Besides documents, the property also holds clues that help historians and visitors better understand the lives of those who lived and were enslaved there. For example, the biography of “the little girl” is scant. She was a young, enslaved girl who answered the door when a visitor stopped by Montpelier in 1837 when Dolley Madison was out. While the archives provide no further confirmable details about her, architectural drawings and the house itself offer additional insights.

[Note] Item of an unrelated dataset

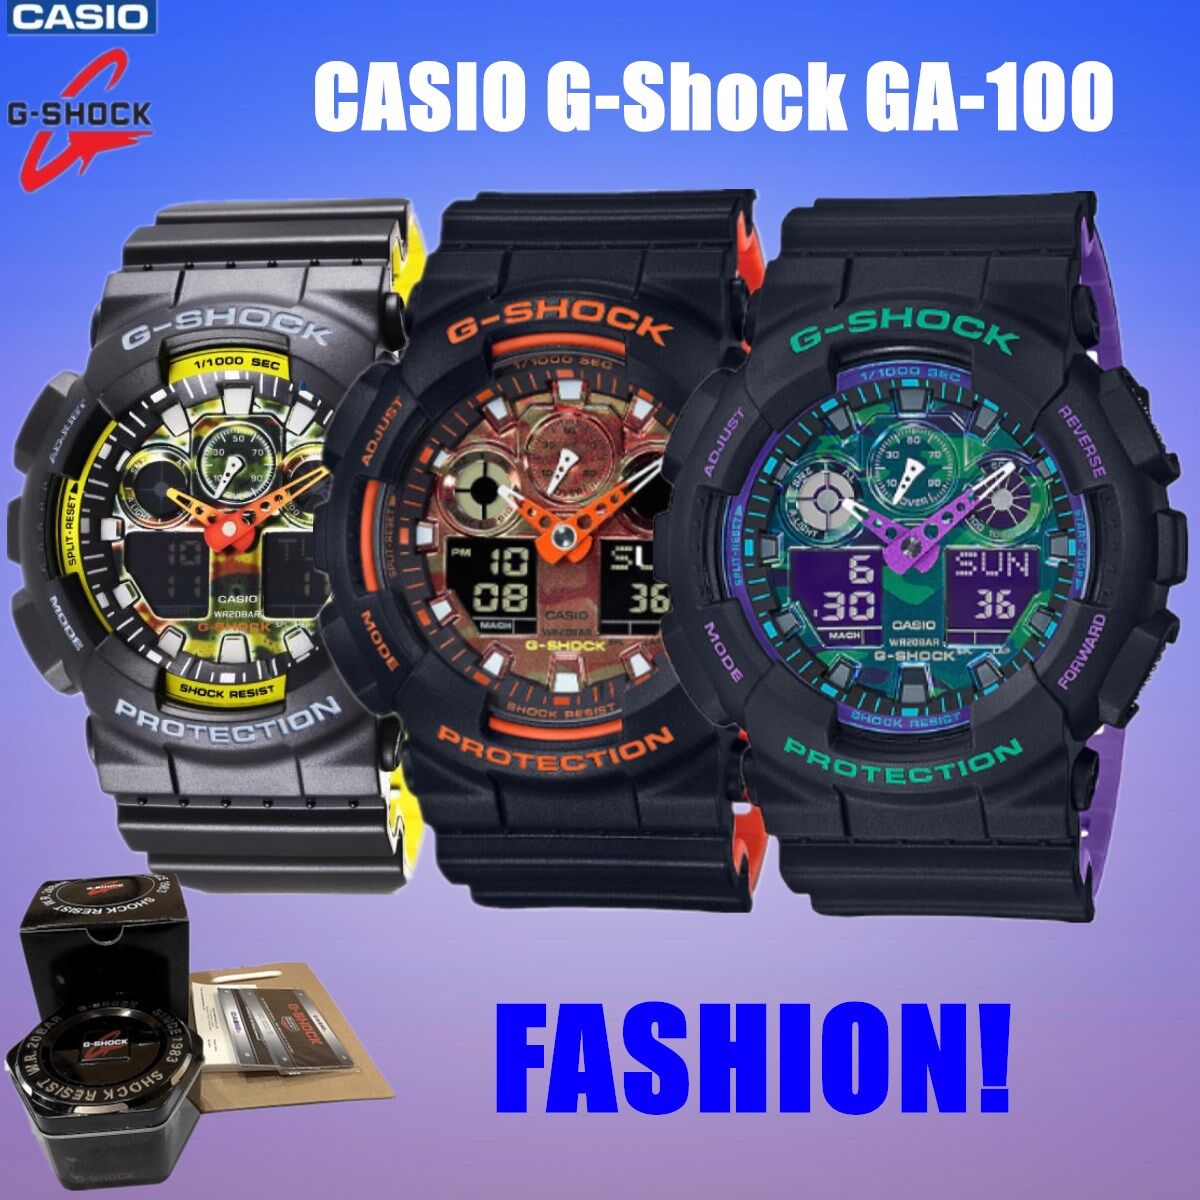 CASIO G-Shock GA-100 นาฬิกาข้อมือแฟชั่น มีสามสีให้เลือก ใส่ได้ทั้งชายและหญิง หน้าปัด40มม.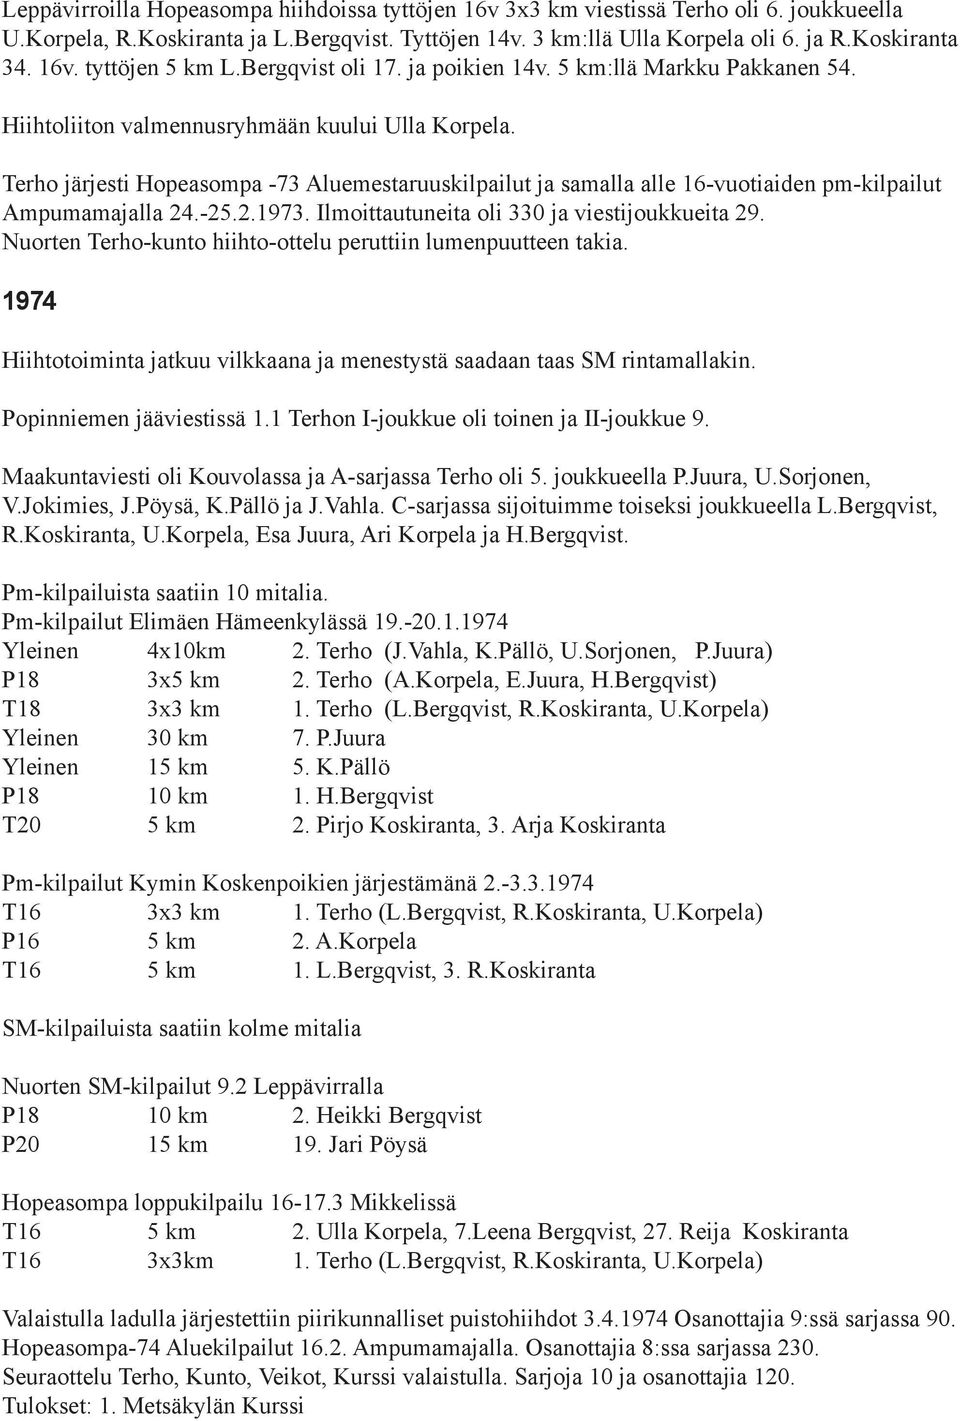 Terho järjesti Hopeasompa -73 Aluemestaruuskilpailut ja samalla alle 16-vuotiaiden pm-kilpailut Ampumamajalla 24.-25.2.1973. Ilmoittautuneita oli 330 ja viestijoukkueita 29.

“Because we’ve put so much work into reconstructing the main house based on extensive archaeological and architectural research, we know more about that little girl because we know what the front doorway looks like, and we know what the cellar space looks like, where she may have gone next after she opened the door,” says Brock
Exploring the Full Humanity of Montpelier’s Enslaved Residents
When the Montpelier team was brainstorming virtual engagement ideas in the early months of the COVID-19 pandemic, they also felt called to action by the protests that swept the nation in response to the murder of George Floyd in 2020. Brock says the title of The Naming Project is meant to echo the phrase “Say their names,” a common refrain among protestors that summer. “It means to say the names of the victims of racial violence,” explains Brock. “There is no doubt that the individuals who were enslaved by the Madisons at Montpelier were also victims of racial violence.”
Inspiration for The Naming Project also came from the exhibition called The Mere Distinction of Colour, an award-winning exploration of slavery at Montpelier and in the United States in Madison’s time located in the cellars of the plantation home and the South Yard of the property, where the domestic slaves lived and worked. That exhibition launched in 2017. As part of the exhibition, the 300 names for which Hicks is now hard-at-work penning biographies are displayed on the walls of one of the cellar spaces. Brock says The Naming Project was an opportunity to not only say or display the names of those enslaved at Montpelier but also to “explore their full humanity.”
Sometimes, with the right support or luck in the archive, Hicks can produce a biography that reflects more details of the life of a person who was enslaved at Montpelier. One example is Benjamin McDaniel, born ca. 1790–1800, likely on the plantation. Thanks to additional research from Patricia McDaniel, one of Benjamin’s descendants, and family stories, Benjamin’s biography includes rich details of his duties at Montpelier, the wife and children he had there, and how he spent the last decade or so of his life as a free man.
Patricia McDaniel says that generations of her family “took great pride in Benjamin and in his story,” passing it down from one generation to the next. “Although the historical record is meager, each generation kept Benjamin’s story alive. They wanted to be sure we wouldn’t forget who we were — who we are — and in so doing, work to make a better future.”
Hicks hopes that the stories The Naming Project brings together will similarly educate and inspire readers. “Focusing on these people individually and trying to understand what their lives were like is an important part of history,” she says. “It is part of creating historical empathy and a better and more well-rounded view of what happened in the past.”